* [Activity] Exact copies of the lines below, from the one with "Lara Bohinc \N" up to and including the one with "190921_manga", are what this calls for; leave out pictures.

* [Supplied records]
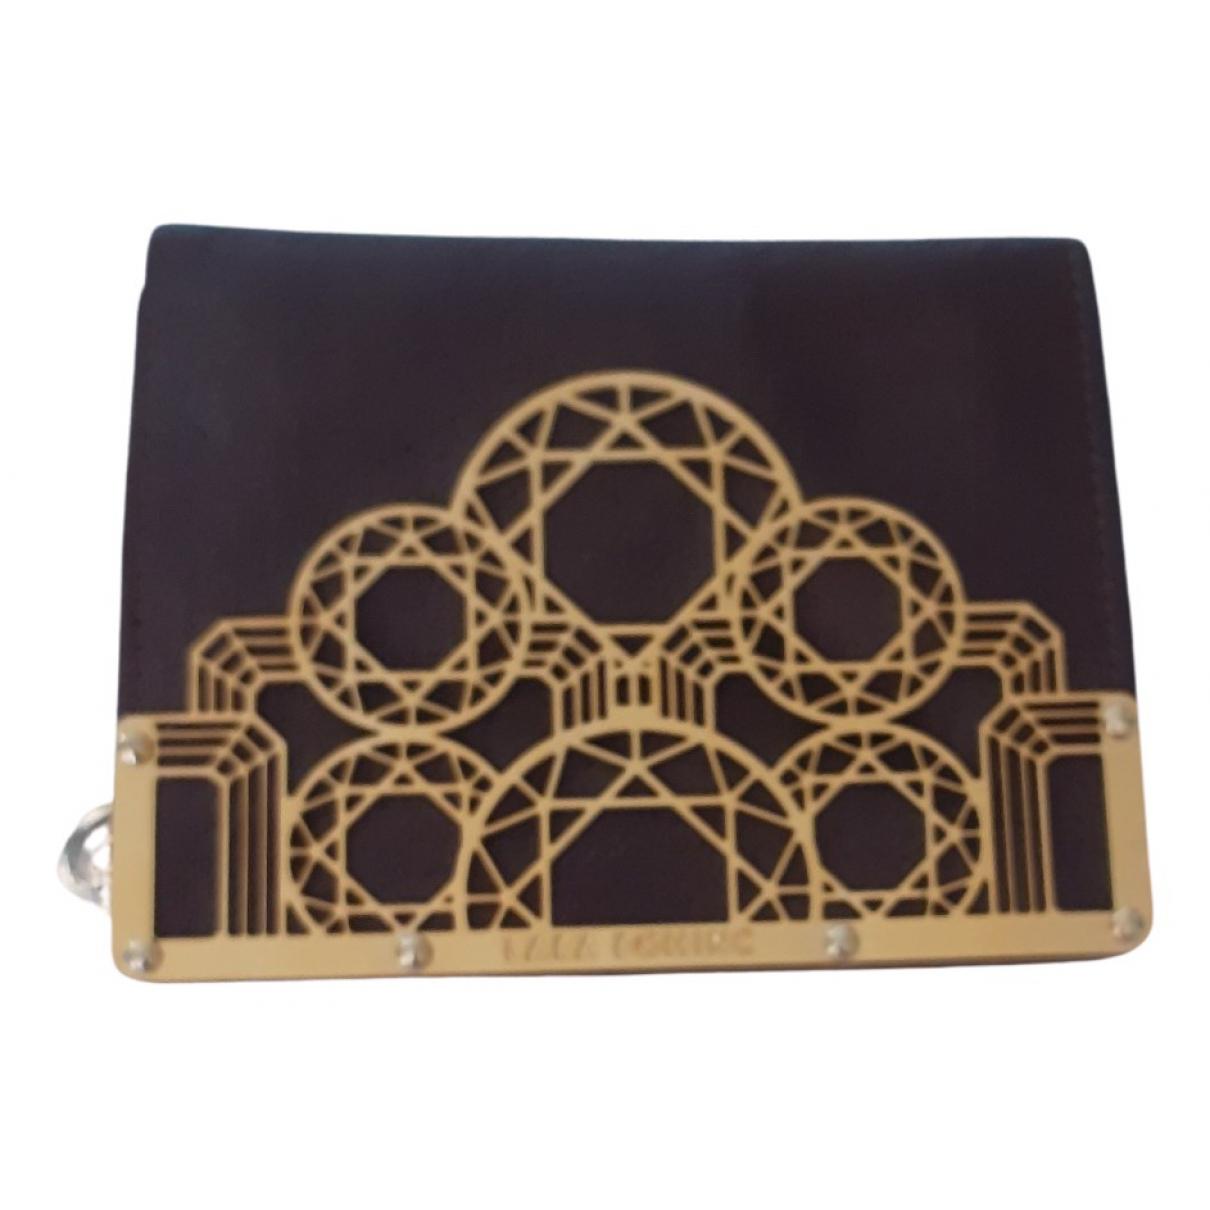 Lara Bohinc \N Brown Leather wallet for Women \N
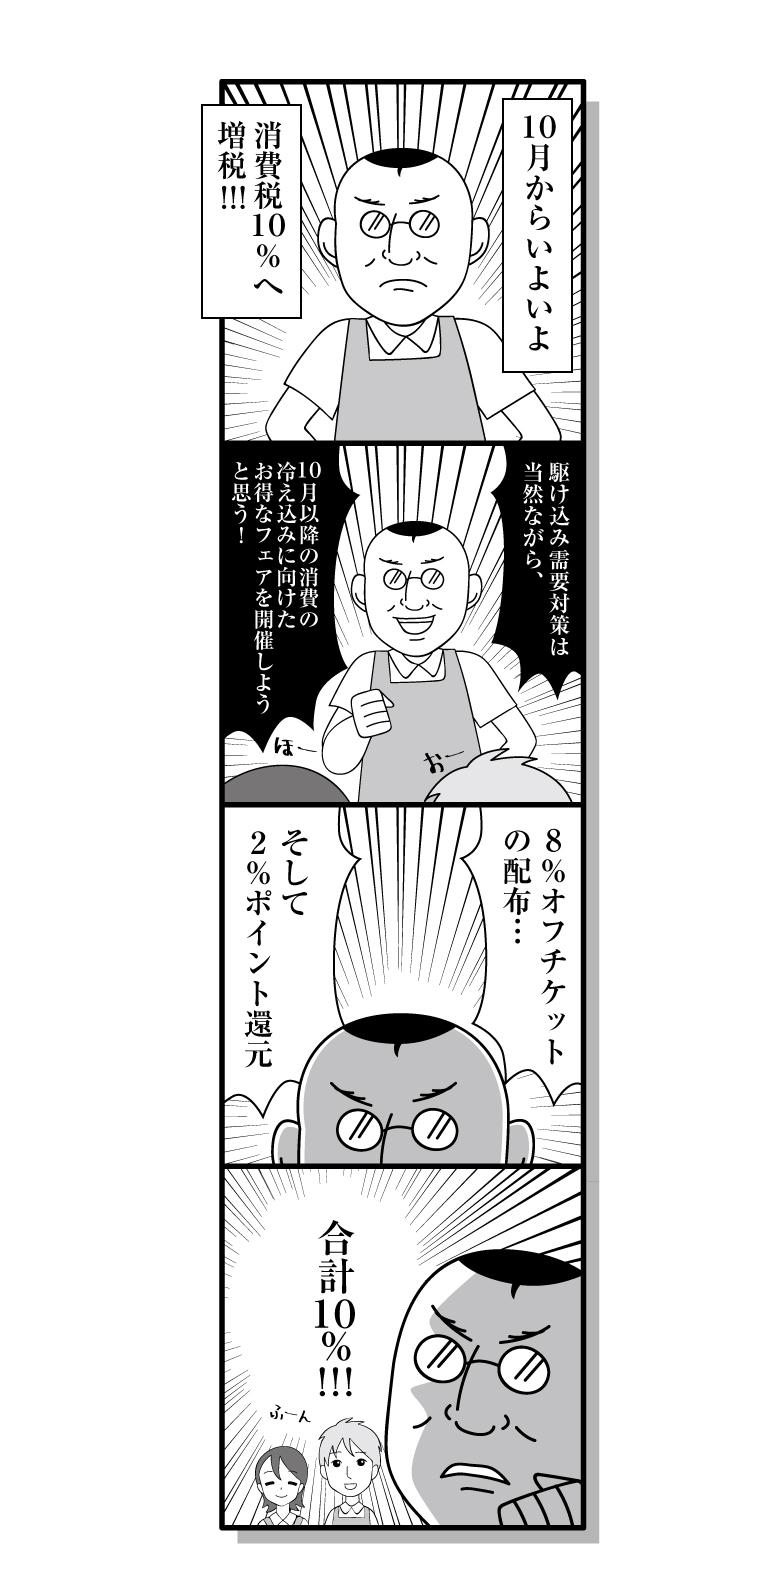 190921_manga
* * *
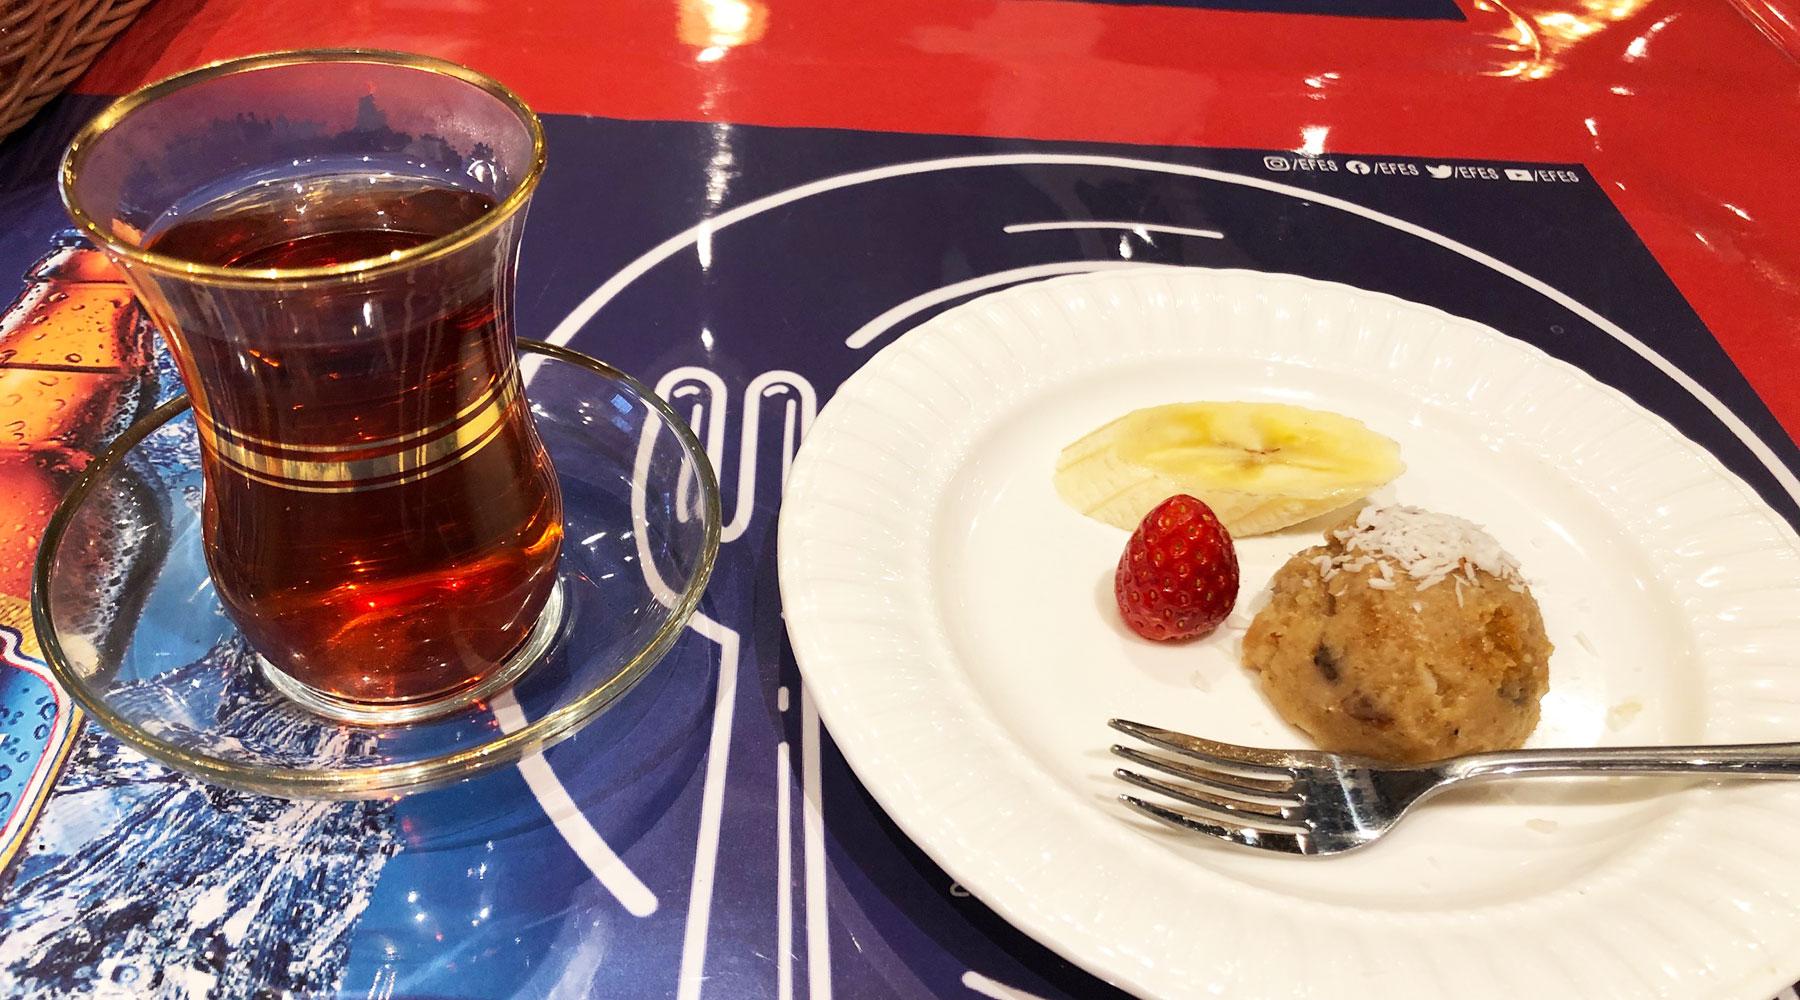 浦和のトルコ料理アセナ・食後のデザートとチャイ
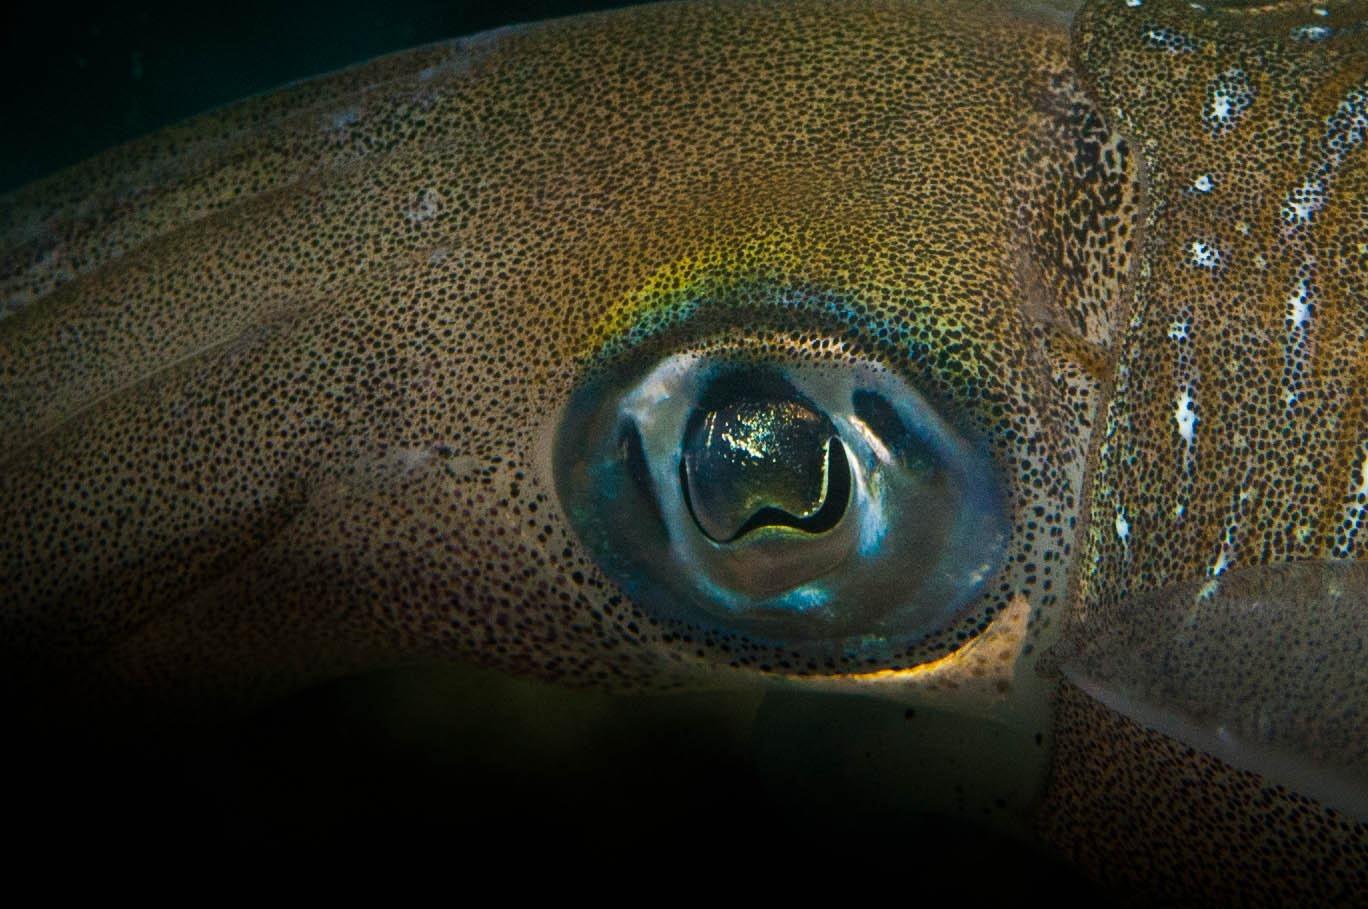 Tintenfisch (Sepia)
--
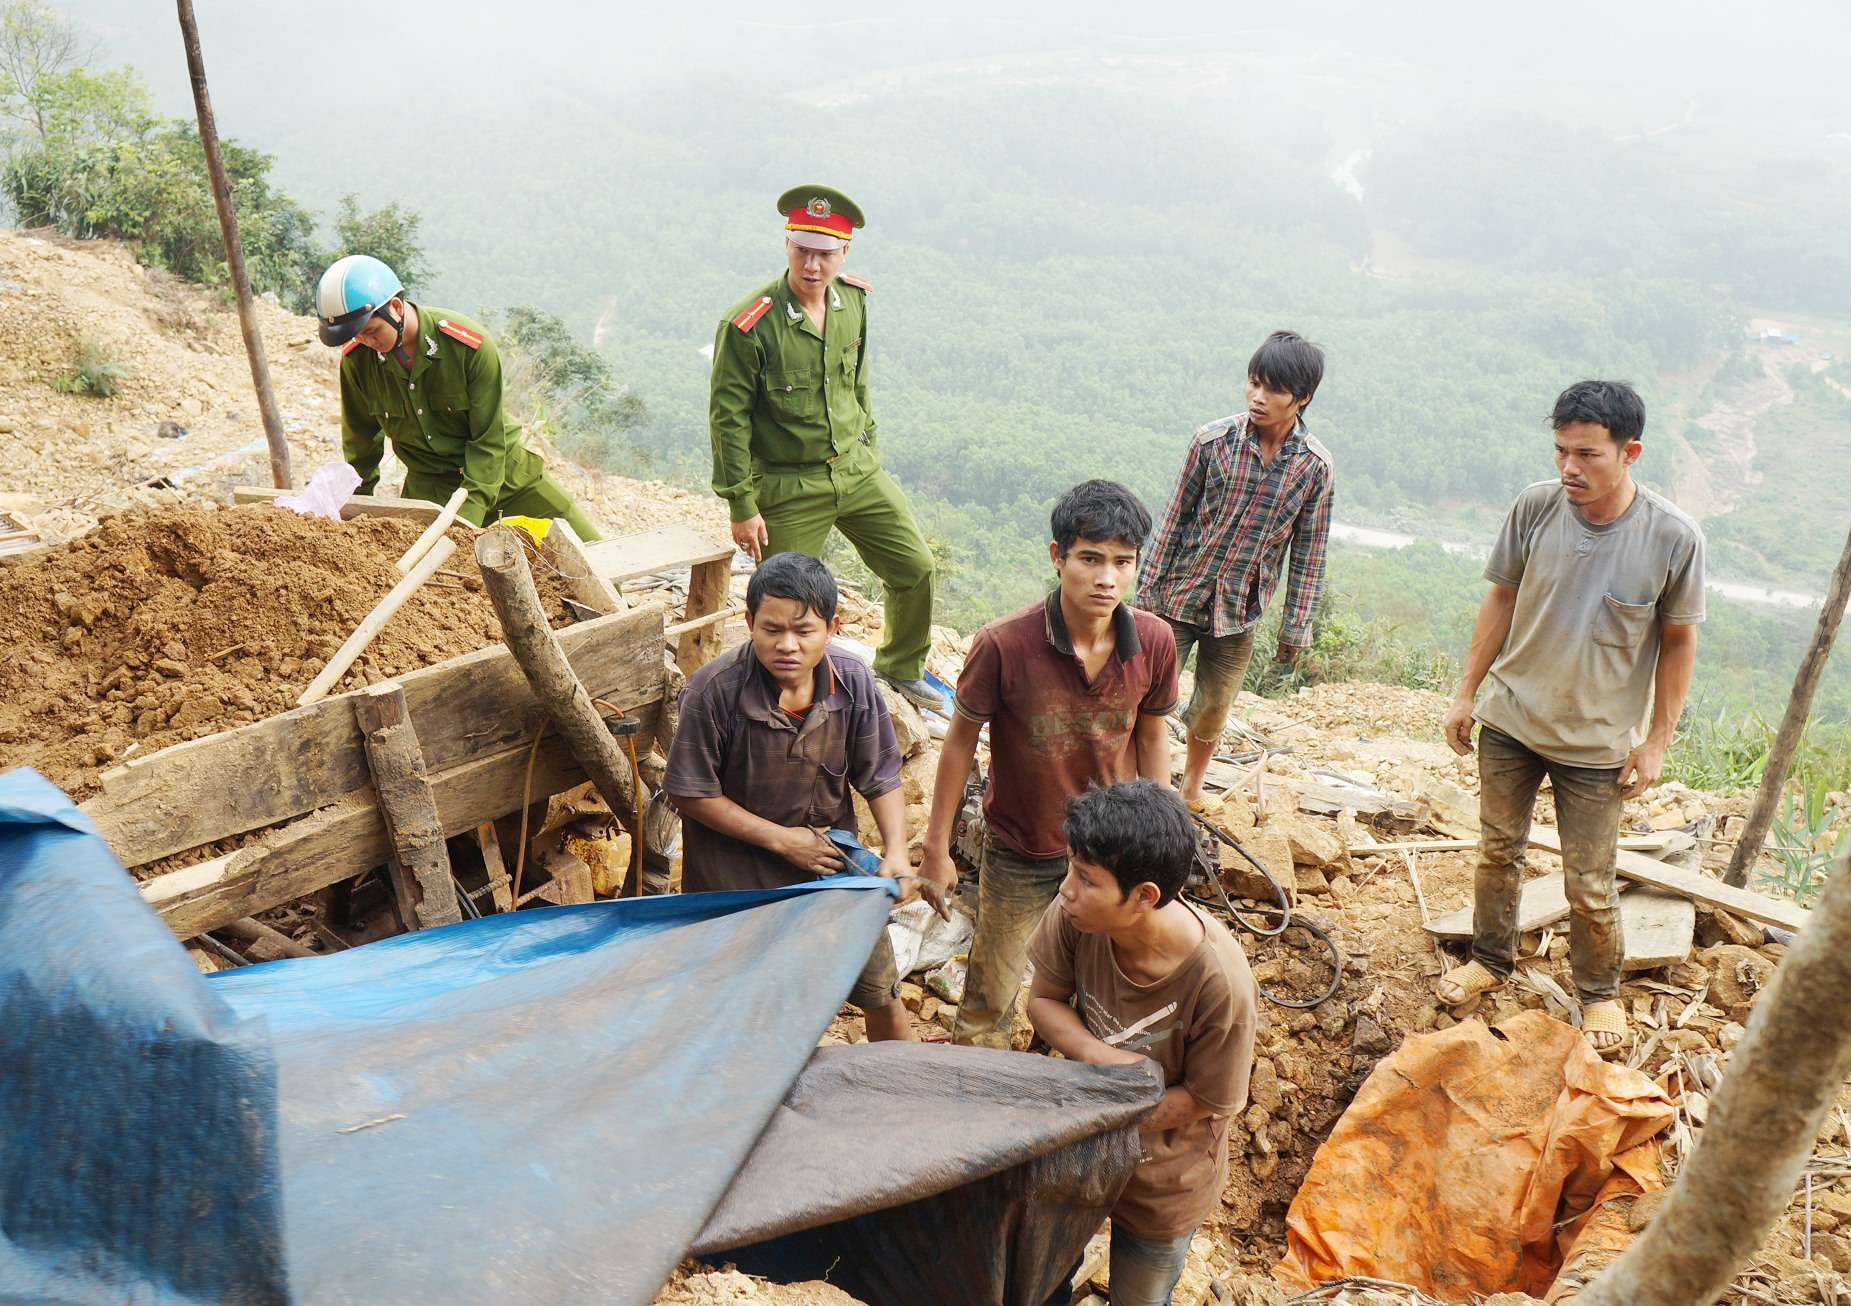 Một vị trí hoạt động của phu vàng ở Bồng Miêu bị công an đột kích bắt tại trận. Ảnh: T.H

* [Result for this exercise]
 Lara Bohinc \N Brown Leather wallet for Women \N
 190921_manga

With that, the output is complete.